Mamodaly: An Heilig Abend und am ersten Feiertag bin ich mit meiner Familie zusammen. Wir feiern bei meiner Oma. Am zweiten Feiertag gehe ich dann zu meinem Vater, dessen Familie aus Madagascar kommt. Weihnachtsfeiern in Madagascar selbst sehen natürlich anders aus als hier - da ist gerade auch Sommer. Aber hier in Deutschland feiern wir wie man es hier eben macht.

Müller: Meine Eltern sind getrennt. Deshalb bin ich an Heiligabend bei meiner Mama und verbringe dann aber auch einen Tag mit meinem Papa.


Ihr seid die beiden Spielführerinnen der U17. Wie schätzt ihr den bisherigen Saisonverlauf ein?

Mamodaly und Müller: Zu Beginn der Saison waren wir unsicher und mussten uns als Mannschaft erst finden. Es gab leider auch ein paar Spiele, die wir sicherlich nicht hätten verlieren müssen. Mit der Zeit wurde es aber immer besser und vor allem in den letzten Spielen haben wir gezeigt, dass wir zusammengewachsen sind und eine richtig gute Mannschaft haben.
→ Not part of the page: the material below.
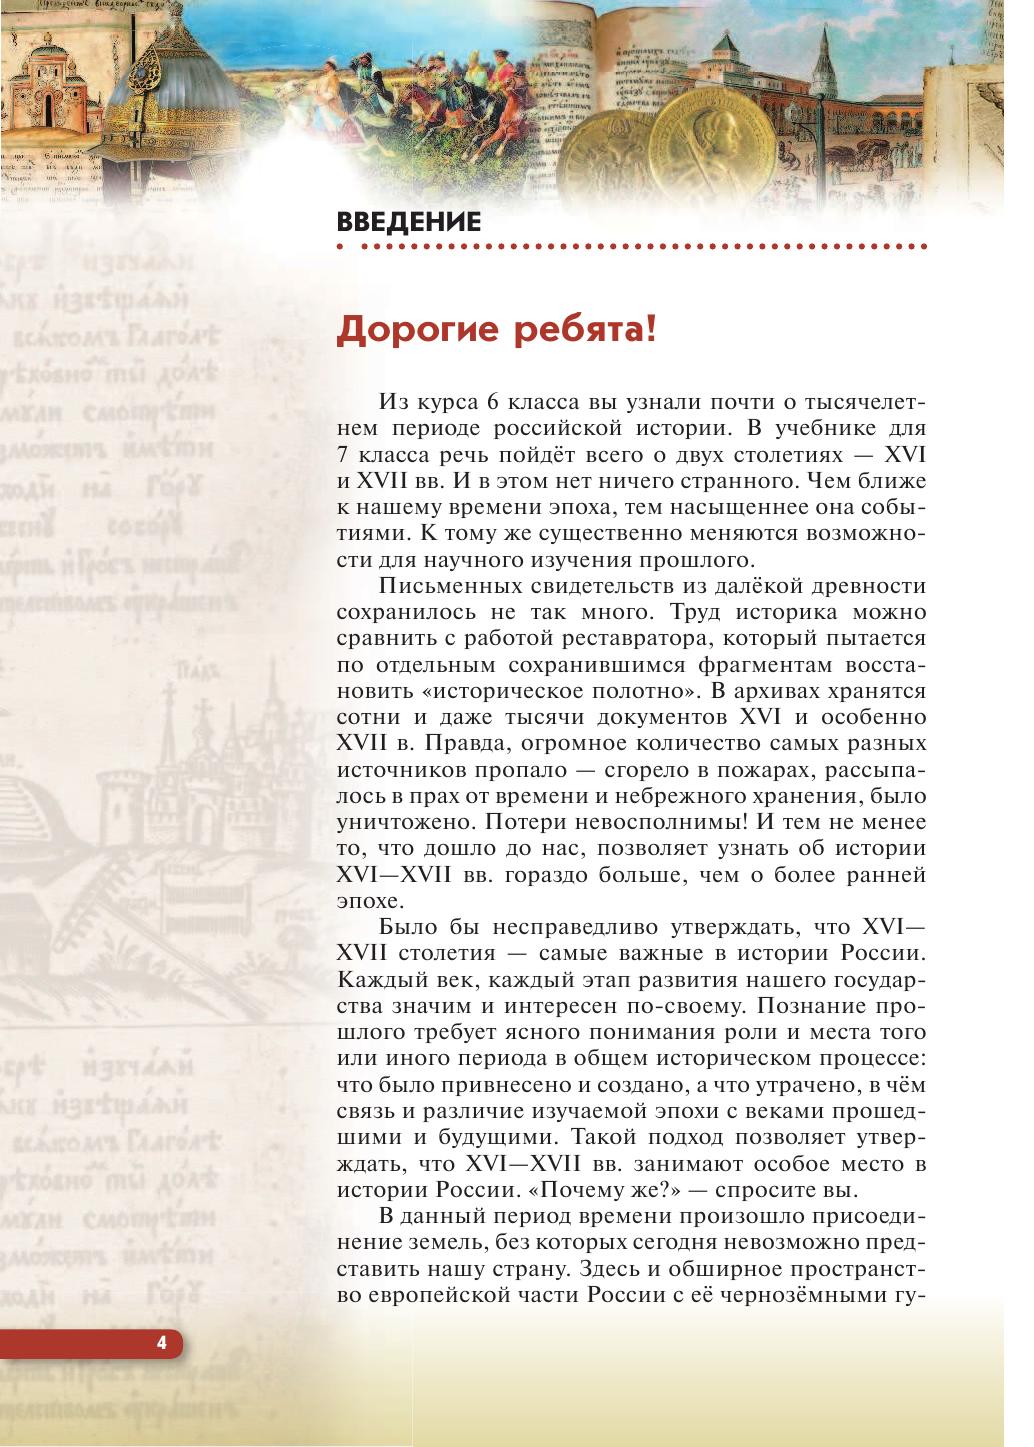 История россии 7 класс андреев данилевский 15 параграф в крации
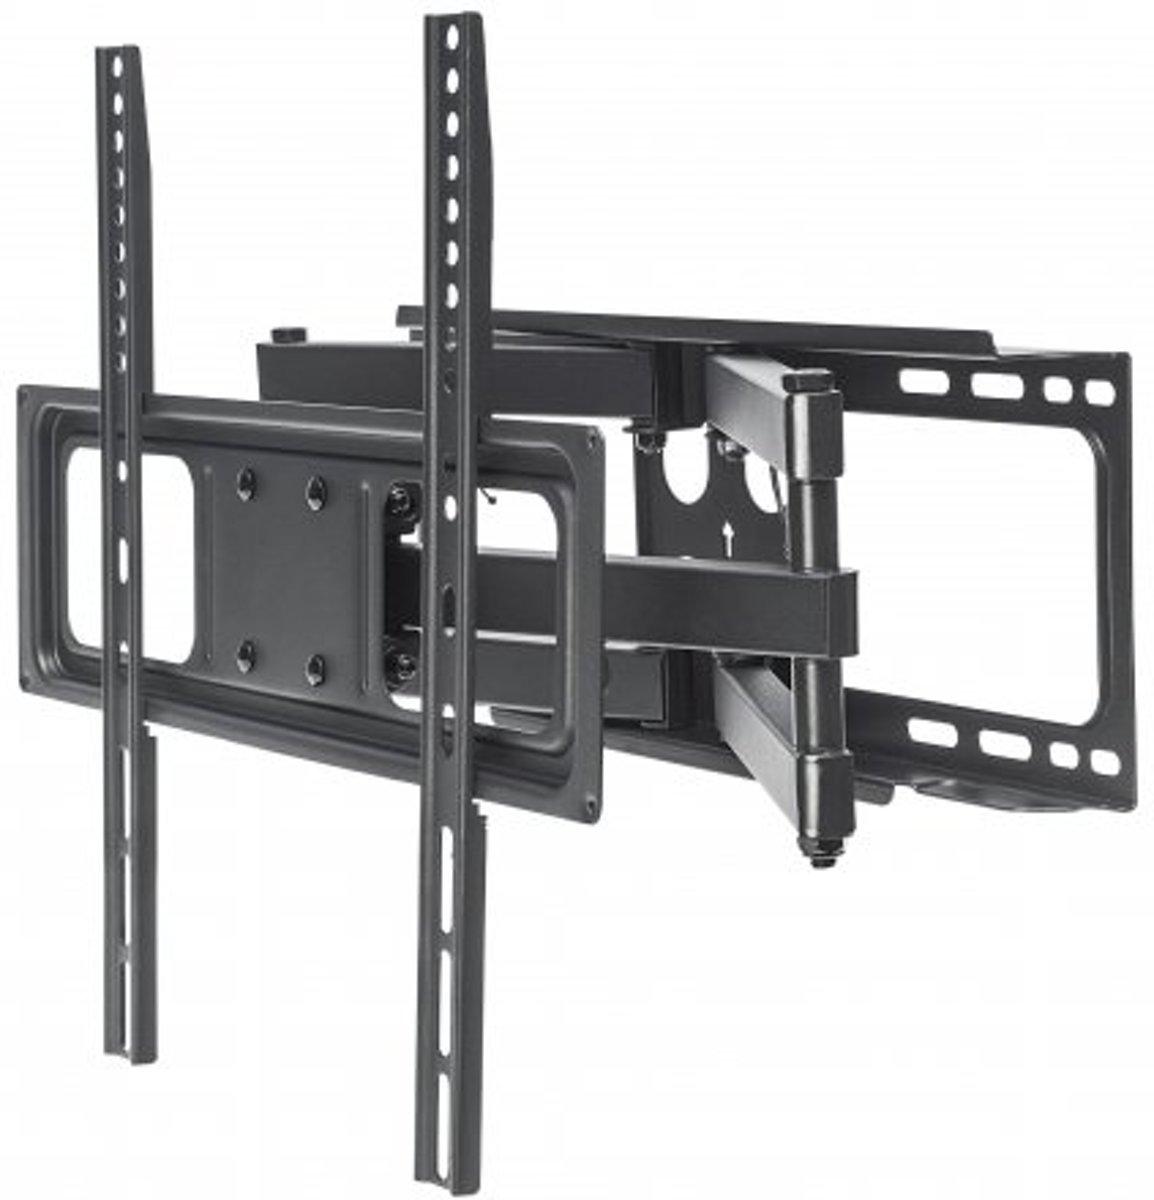 Manhattan TV-Wandhalterung f???r Flachbildschirme und Curved Displays von 32-55 und 40kg Monitor-wandbeugel 81,3 cm (32) - 139,7 cm (55) Kantelbaar en zwenkbaar

Ihr gewinnt gegen die Spitzenreiter, lasst gegen andere Teams aus dem Mittelfeld aber Punkte liegen – woran liegt's?

Mamodaly: Vielleicht hören unsere Trainer das nicht so gerne, aber gegen Spitzenteams ist man immer noch einen Tick motivierter. Aber man muss auch sagen, dass wir nicht immer das nötige Glück hatten. In Alberweiler haben wir das Gegentor, das zur Niederlage geführt hat, unglücklich und erst in der letzten Minute bekommen. Aber das gehört eben zum Fußball dazu. Kein Spiel ist ein Selbstläufer und nur weil man in der Tabelle ein paar Plätze weiter oben steht, hat man noch kein Spiel gewonnen. Wir sollten nach der Winterpause aber an die Spiele wie gegen Sindelfingen oder Frankfurt ansetzen - die waren richtig gut.

In der Rückrunde läuft es bei euch immer besser. Habt ihr eine Erklärung dafür?


Müller: Jede Mannschaft braucht erstmal ihre Zeit, um sich zu finden und einzuspielen. Bei uns dauert das vielleicht länger als bei anderen Teams. Wir haben in dieser Saison viele Spielerinnen aus der U16 zu uns bekommen. Für die war es neu in der Bundesliga zu spielen. Da wird mit anderem Tempo gespielt als in der Oberliga, wo unsere Teamkolleginnen zuvor gespielt haben. Mittlerweile haben sich aber alle daran gewöhnt und wir sind eingespielt. Deshalb läuft es für uns seit einigen Wochen schon gut.

Ihr habt noch sieben Spiele – im März aber vier Wochen Pause – hättet ihr gerne mehr Spiele?

Mamodaly: Nein. Ich finde die Verteilung der Spiele gut. In den Pausen, die immer mal wieder dazwischen liegen, hat die Mannschaft die Möglichkeit, an Schwächen zu arbeiten und wieder Kräfte zu sammeln. Wir können da eventuelle Rückschläge verarbeiten oder verletzte Spielerinnen haben Zeit, wieder zurückzukommen.

Von einer zweigleisigen B-Juniorinnen-Bundesliga mit zwei Staffeln haltet ihr also nichts?

Mamodaly: Grundsätzlich finde ich das keine schlechte Idee, weil man sich dann mit mehr Teams messen könnte. Allerdings wären die Fahrtwege dann schon sehr weit. Wir sind ja jetzt teilweise schon über zwei Tage unterwegs, müssen bei manchen Spielen übernachten. Und es ist schon schön, wenn man einen Tag am Wochenende noch für sich hat.